You can read more detail about DBQL and how to use it in the Administration manual at the Information Products web site. There is an entire chapter called "Tracking Processing Behavior with DBQL." Go to:

www.info.teradata.com

Thanks, -Carrie
Enthusiast
Carrie,
I am seeing many instances of null entries for WDID within our DBQL log data and was wondering if you could explain why. I had over 10 million for each of the past two months. Even though they all show with no AMPCPUTime, they do show elapsed times!
Enthusiast
Mark,
Based on ODBC setting, queries gets submitted twice. First come for parsing and second for actual execution. Queries which are with WDID as NULL and AMPCPUTime with zero will have corresponding ParserCPUTime. Query which comes for actual execution will have corresponding WDID and AMPCPUTime.

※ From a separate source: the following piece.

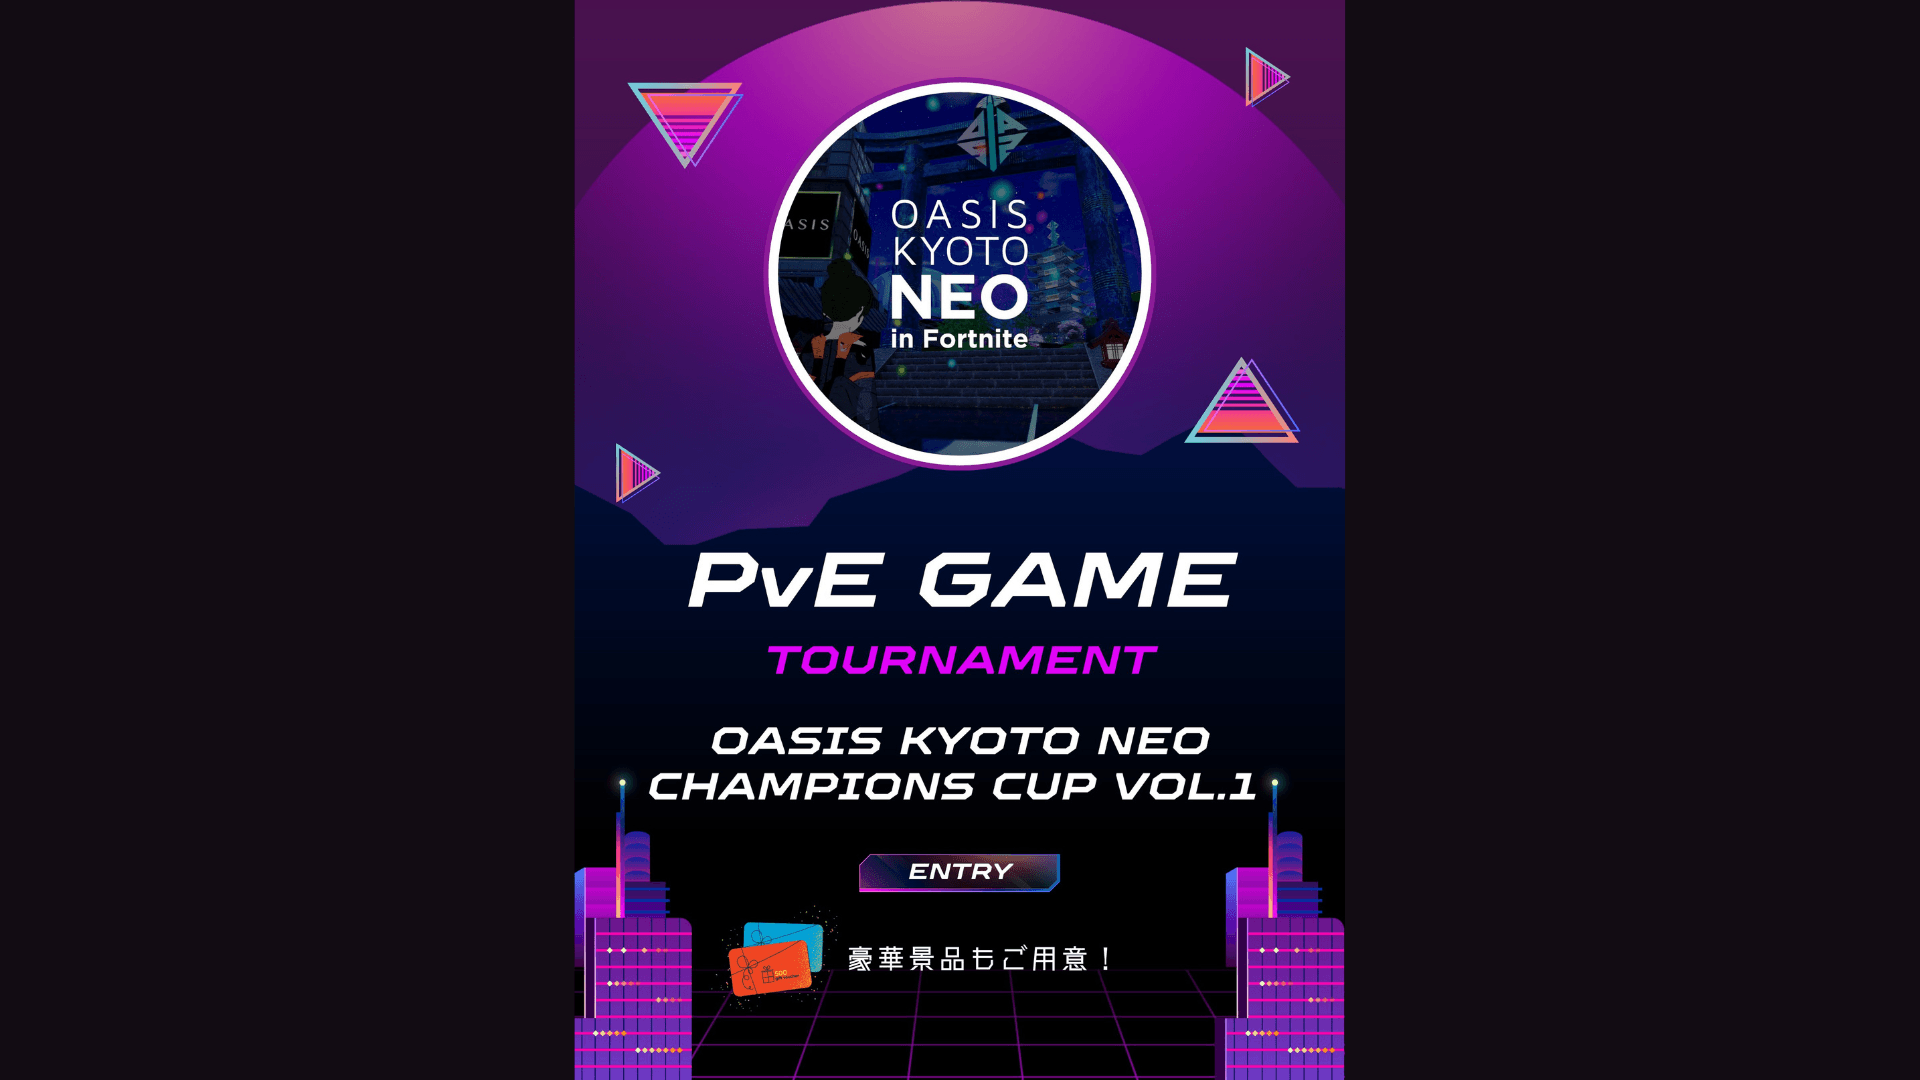 OASIS KYOTO NEO CHAMPIONS CUP Vol.1 in Fortnite feature image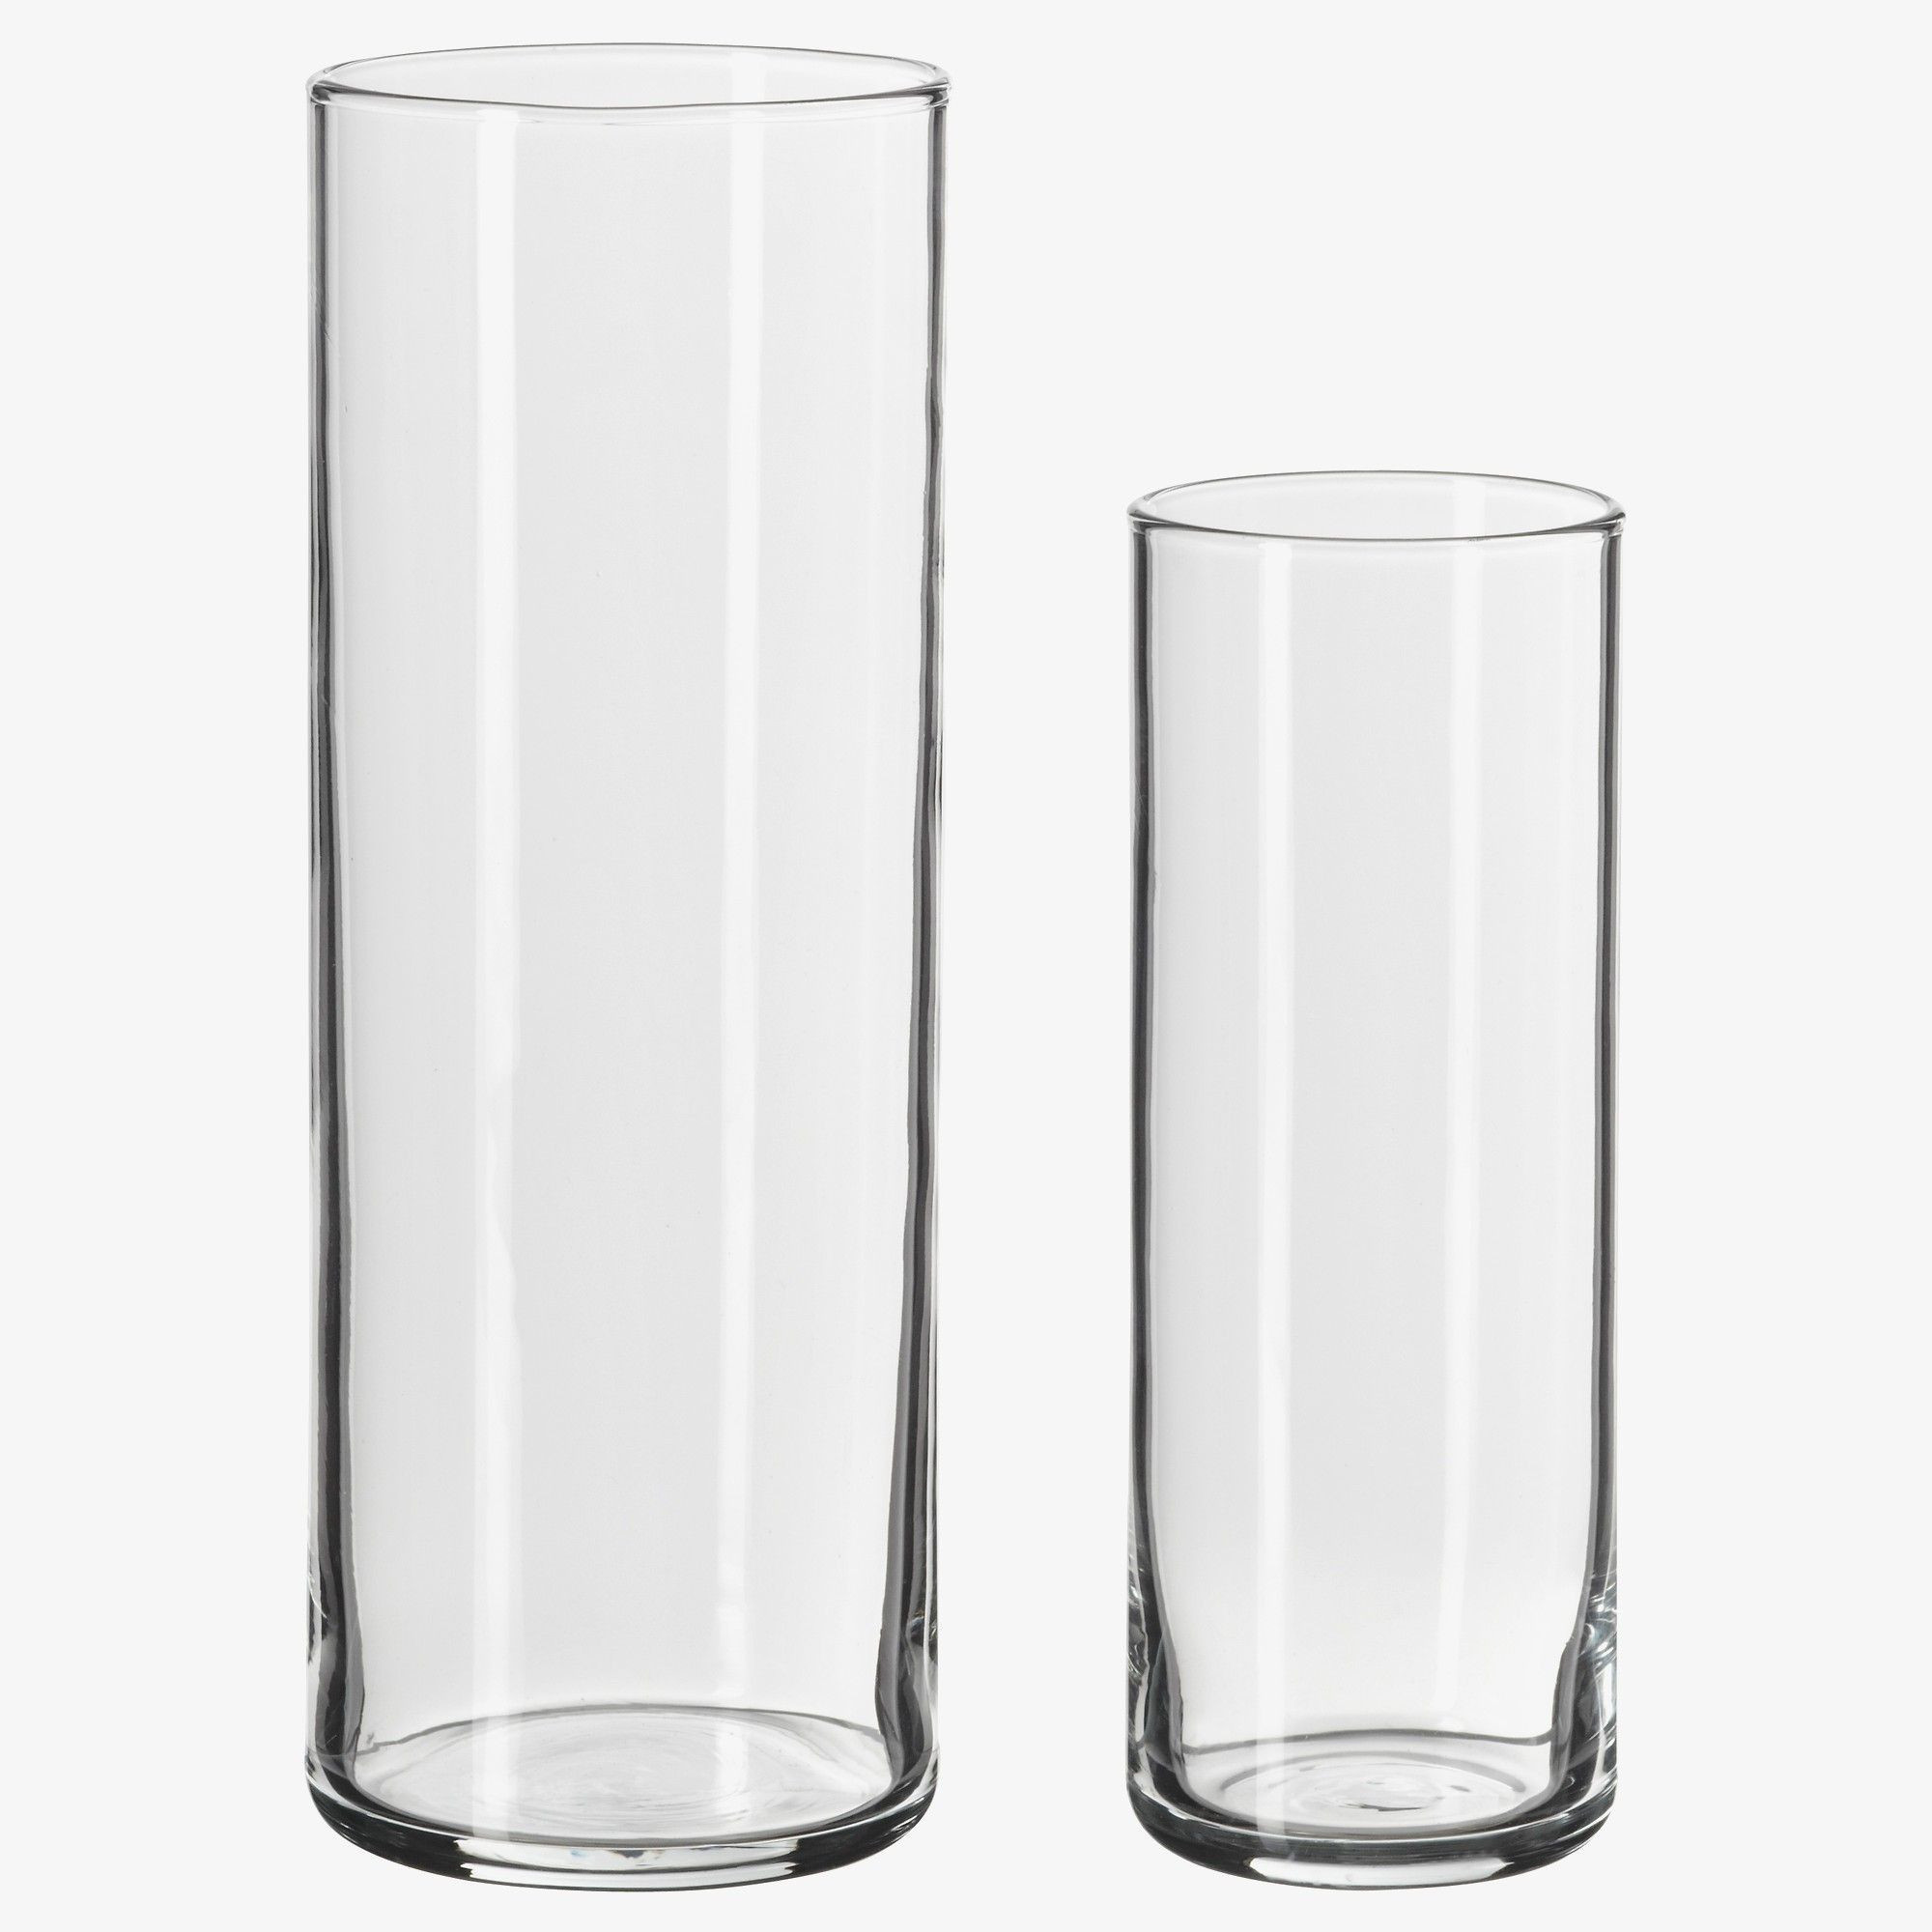 15 Awesome 5 X 20 Glass Cylinder Vase 2024 free download 5 x 20 glass cylinder vase of 50 glass pedestal vase the weekly world pertaining to clear glass tv stand charming new design ikea mantel great pe s5h

You can disable parsing in ODBC setting to avoid it. Please check if you see same behavior. So far I have seen it for ODBC and not for CLIv2 connections.
Teradata Employee
Thanks Shrinivas! Excellent point.

I'd check out Shrinivas's suggestion first, it sounds like a fit for what you describe. Another thing to be aware that there were some issues around DBQL reporting null WDID numbers for certain DBQL rows in the older releases ( such as 12.0, I think). That has been fixed in the current releases, definitely fixed in 13.10. You would need to call the support center to get more information on whether the release you are on is effected.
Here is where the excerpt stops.